Showing posts with label סרטן שלפוחית השתן. Show all posts
Showing posts with label סרטן שלפוחית השתן. Show all posts

Monday 18 January 2021

Microwave-Induced Hyperthermia in combination with Chemotherapy: A retrospective analysis from Harlaching Hospital (2009-2015) Germany

We wish to congratulate Dr. Miriam Heibeler - with Head of department Prof. Dr. Oliver Reich at Klinikums Harlaching Lehrkrankenhaus der Ludwig-Maximilians-Universität München for her comprehensive thesis work on Synergo® published in 2020. We are extremely proud to share data from her study (translated from German). Full text: https://edoc.ub.uni-muenchen.de/25860/1/Hiebeler_Miriam.pdf

The following is a summary translated from Dr. Hiebeler study and with her permission.

The intended information is for professionals only.



Microwave-Induced Hyperthermia in combination 

with Chemotherapy: 

A retrospective analysis from Harlaching Hospital (2009-2015) 

Munich, Germany

Dr. Miriam Hiebeler



A total of 44 non-muscle invasive bladder cancer patients were treated with Synergo® in München Harlaching Hospital Munich between 2009-2015. 41% of the patients were treated according to the prophylactic (adjuvant) protocol and 59% treated according to Synergo® ablative (neo-adjuvant) protocol.

Synergo prophylactic (adjuvant):

18/44 (41%) intermediate and high-risk patients, of which 50% had history of recurring disease with an average of 2.3 incidences prior to Synergo therapy.

Results: At the end of Synergo® treatment cycle, all patients but 2 (11%), who were lost to follow-up, were tumor-free. 
14 of the 16 patients were tumor-free after completion of the Synergo therapy. This corresponds to 87.5% of the patients. The 2 patients who had a recurrence (mean time 2.3 years) both had pTaG1 tumor prior to Synergo which presented itself also when recurrence was recorded. 
The follow-up period for this cohort lasted an average of 3.2 years. 
No cystectomy had to be performed during that period. 




Synergo ablative (neo-adjuvant):

26/44 (59%) of the patients were treated. 90% were classified as high-risk (according to the EAU guidelines), with TaG3, T1G2, T1G3 and/or CIS. 73% of the patients thad history of recurring disease. 

An analysis of two groups who received Synergo ablative was performed. One group (62%) treated according to the protocol and the other (38%) was given Synergo as a therapy attempt although patients had contraindications prior to treatment (e.g. history of other tumours or urothelial carcinoma of the upper urinary tract). 
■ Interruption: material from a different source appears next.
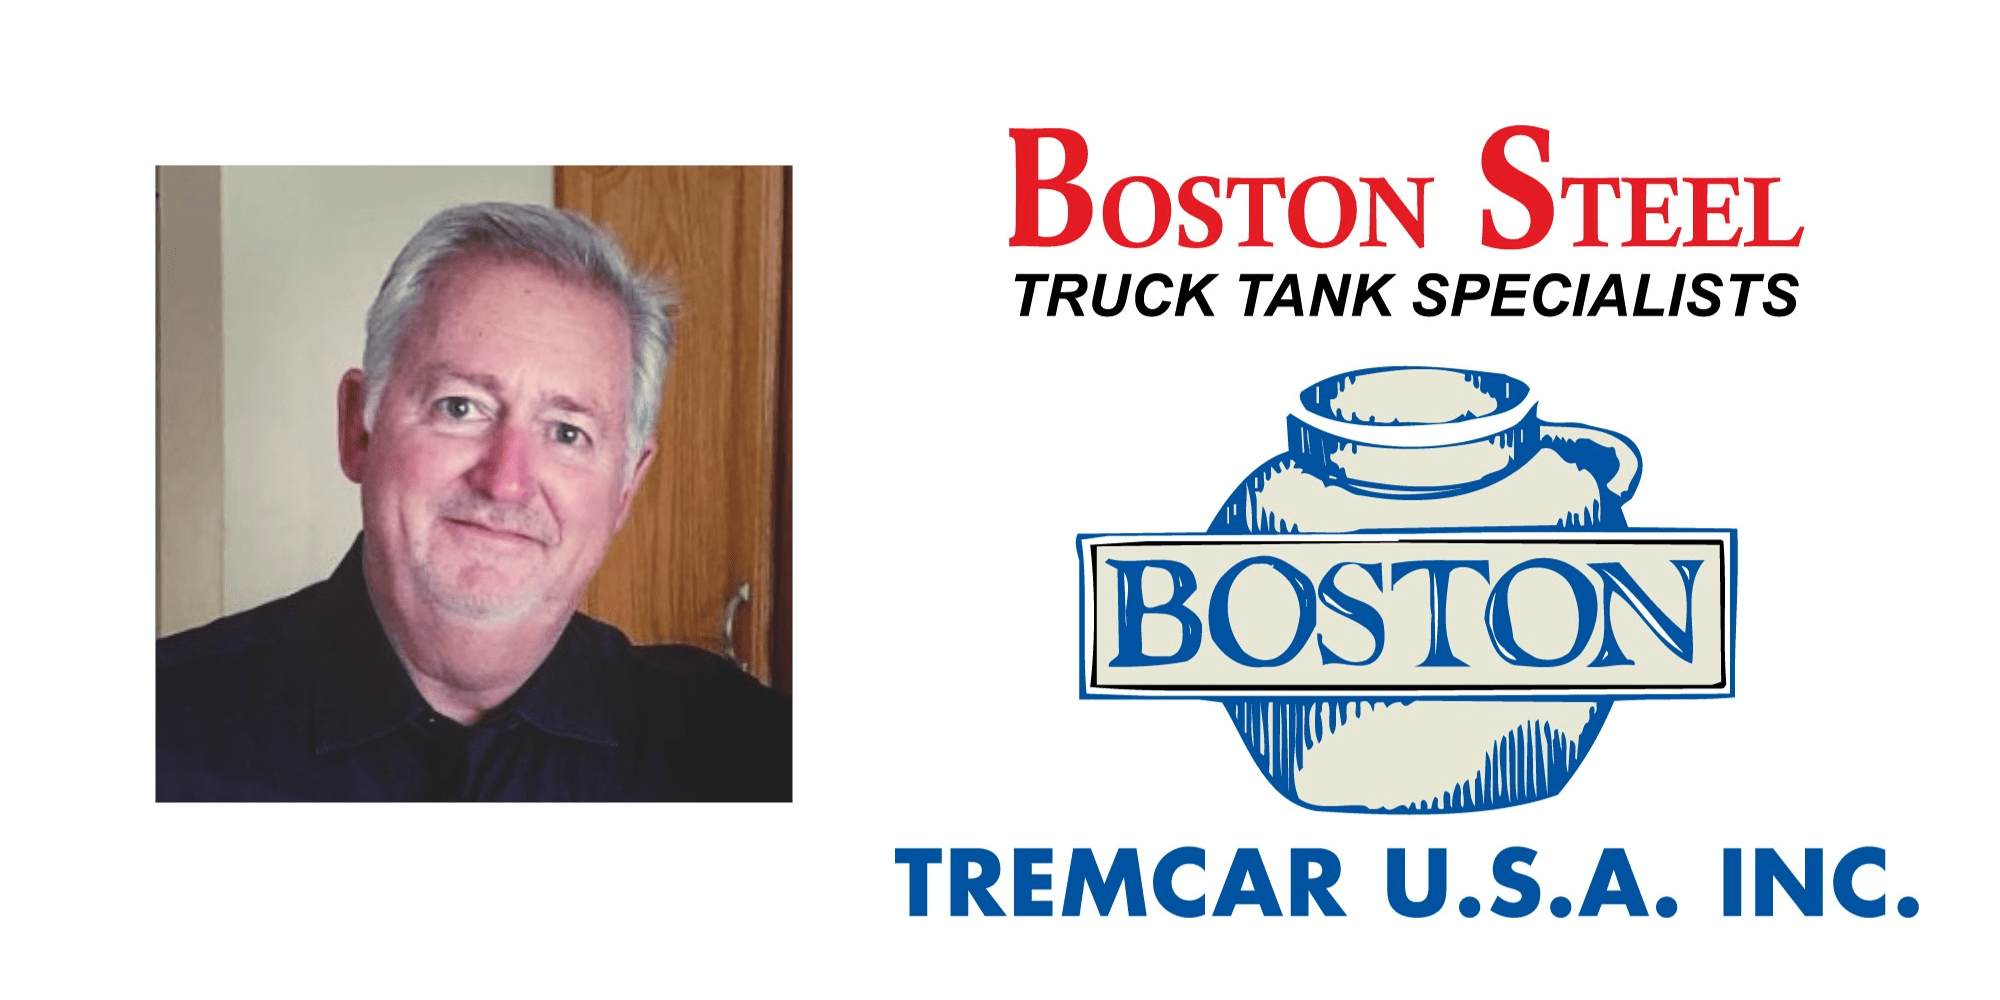 Tremcar appoints sales manager, Tremcar USA recently appointed Peter Garafano as regional sales manager for Haverhill, Mass.-based Boston Steel products, a division of Tremcar.

The Kaplan-Meier curve of all patients treated according to the ablative protocol shows 83% disease-free at one year and 70% at disease-free 5 years.



Below are the two ablative cohorts analysed separately:

Results of ablative Synergo:

16 patients were treated according to the Synergo recommended protocol. 15/16 of the patients were classified high-risk (according to EAU), one patient was classified as intermediate-risk. 73% of the patients had a history of disease and several were highly recurrent (3 or more episodes in the previous two years). 6 patients were “first episode” who had been diagnosed with T1 or high-grade carcinoma. Five of the latter had concomitant carcinoma in situ (CIS).

Of the 16 patients treated, 15 (93.8%) patients showed a complete response rate (tumor-free urinary bladder biopsies at the end of the ablation series). The average time to complete response was 1.9 months.

In one patient, the ablation therapy had no effect and a progression from TaG3 to pT2aG2 was recorded. This patient was cystectomised. Patients with complete response continued treatment and follow-up. The mean follow-up time was 24.2 months.

13/15 (86.7%) of the patients remained disease free for an average of 26 months and showed no further tumor formation during this period. Two patients (13.3%) had tumor recurrence. They were ultimately cystectomised after a follow-up period of 24.2 months.

In total, four of the 16 patients had to have their bladder removed. Two patients suffered tumor recurrence, one patient showed tumor progression and a cystectomy was performed on another patient with a reduced bladder capacity of less than 90 ml. The resected bladder, however, was completely tumor-free. One patient was partially resected because of a suspected tumor recurrence. The resected material was tumor-free. In the subsequent examinations, no new tumor was detected in the rest of the urinary bladder.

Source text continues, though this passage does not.